For the Brûlée Topping

  • 6 tablespoons granulated sugar (about 1 tablespoon per ramekin)

Preparation Time

  • Prep time: 20 minutes
  • Cooking time: 35–40 minutes
  • Chill time: 4 hours (or overnight)
  • Total time: About 5 hours (mostly hands-off)

Step-by-Step Instructions

Step 1: Toast the Pecans

Preheat oven to 350°F (175°C). Spread pecans on a baking sheet and toast for 6–8 minutes until fragrant. Set aside to cool.

Step 2: Make the Caramel Pecan Base

In a small saucepan, combine brown sugar and water over medium heat. Stir until dissolved, then let it bubble for 2–3 minutes until slightly deepened in color.
Remove from heat and stir in butter (careful—may bubble). Mix in toasted pecans.
Spoon a little of this caramel pecan mixture into the bottom of each ramekin.

Step 3: Heat the Cream Mixture

In a saucepan, warm heavy cream and milk over medium heat until steaming (do not boil). Remove from heat and stir in vanilla and salt.

Step 4: Temper the Egg Yolks

In a bowl, whisk egg yolks with granulated sugar until lighter in color.
Slowly pour a bit of the warm cream into the yolks while whisking constantly, then pour in the rest and whisk until smooth.

Step 5: Strain and Fill

Strain the custard through a fine mesh sieve for the smoothest texture. Pour custard evenly into the ramekins over the caramel pecan base.

Step 6: Bake in a Water Bath

Place ramekins in a deep baking dish. Pour hot water into the dish until it reaches halfway up the sides of the ramekins.
Bake at 325°F (160°C) for 35–40 minutes, until edges are set but the centers still jiggle slightly.

Step 7: Chill

Remove ramekins from the water bath and cool to room temperature. Refrigerate for at least 4 hours (overnight is best).

Step 8: Brûlée the Top

Before serving, sprinkle about 1 tablespoon sugar evenly on top of each custard.
Use a kitchen torch to caramelize until golden and crackly. Let sit 1–2 minutes to harden.

Serving Suggestions

  • Add a few extra toasted pecans on top after torching for a pretty finish.
  • Serve with fresh berries to brighten the richness.
  • Pair with espresso or strong coffee.
  • Add a small pinch of flaky sea salt on top for a salted caramel vibe.
  • Serve in mini ramekins for a party-style dessert tray.

Nutritional Highlights

NutrientPer Serving (1 ramekin)
Calories420
Protein6 grams
Total Fat33 grams
Saturated Fat18 grams
Carbohydrates27 grams
Sugars23 grams
Fiber1 gram
Sodium120 milligrams

Nutritional Notes:

  • Heavy cream creates the signature silky crème brûlée texture.
  • Pecans provide healthy fats and a satisfying crunch.
  • Portion sizes are naturally controlled since it’s served in ramekins.

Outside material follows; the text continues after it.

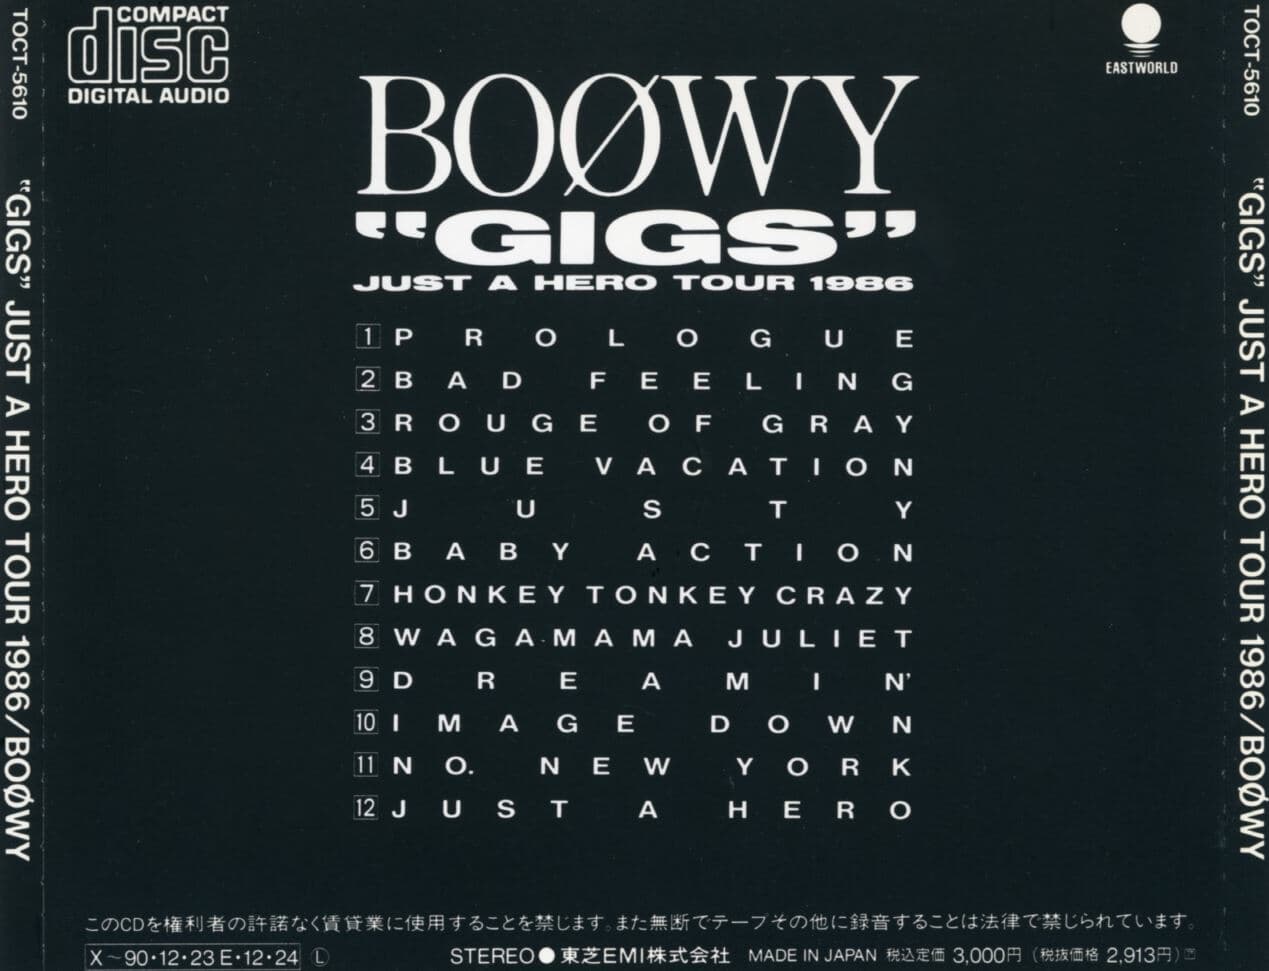 보위 - Boowy - "GIGS" Just A Hero Tour 1986 [일본발매]

Tips for Perfect Crème Brûlée

  • Don’t boil the cream—steaming is enough to avoid curdling.
  • Always bake in a water bath for gentle, even cooking.
  • Strain the custard for the smoothest results.
  • Chill fully before torching so the custard stays cold under the warm crust.
  • For an extra-thin, crisp top, use a fine layer of sugar and torch evenly.

Variations to Try

  • Salted Caramel Pecan: Add a pinch of salt to the caramel base.
  • Bourbon Caramel: Add 1 teaspoon bourbon to the custard (optional).
  • Chocolate Twist: Add 2 tablespoons cocoa powder to the cream mixture for a chocolate custard.
  • Maple Pecan: Replace brown sugar with maple syrup in the caramel base (reduce water slightly).
  • Mini Version: Use smaller ramekins and reduce baking time by 5–8 minutes.

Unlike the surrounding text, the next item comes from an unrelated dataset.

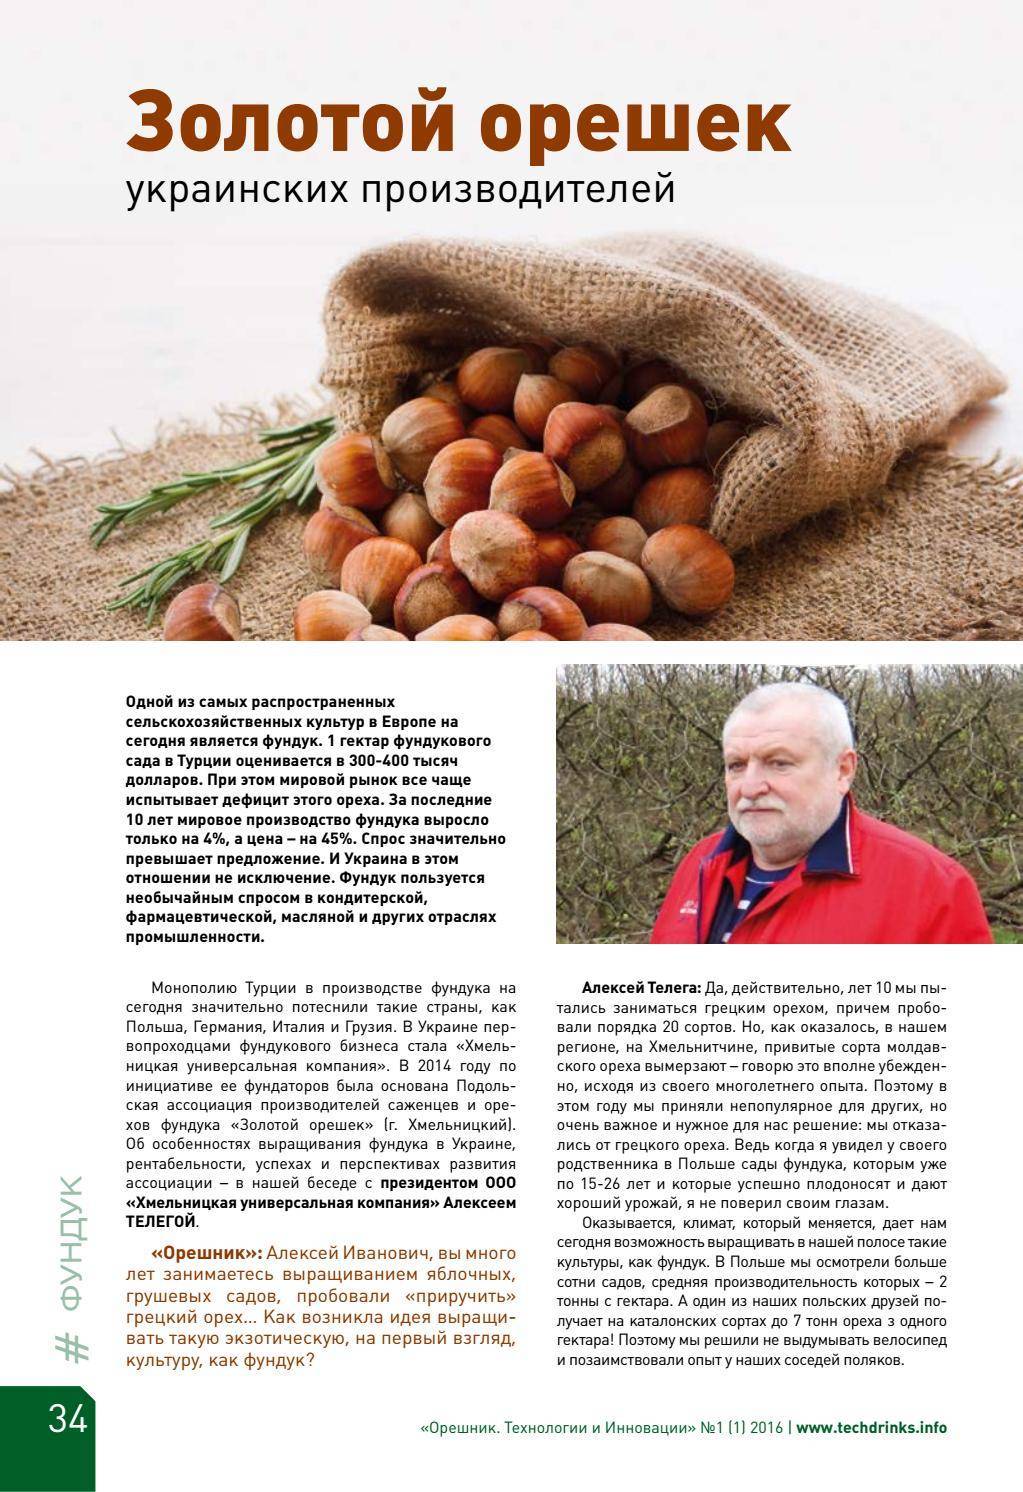 Бизнес на орехах украина – как и сколько можно заработать на выращивании грецкого ореха

This Crème Brûlée Caramel Pecan is an elegant, restaurant-style dessert you can absolutely make at home. With a creamy vanilla custard, buttery caramel pecan layer, and that signature crackly brûléed sugar top, it’s a showstopper for any occasion.

Whether you serve it for guests or treat yourself to a fancy night in, this recipe guarantees a silky, caramel-kissed bite every time.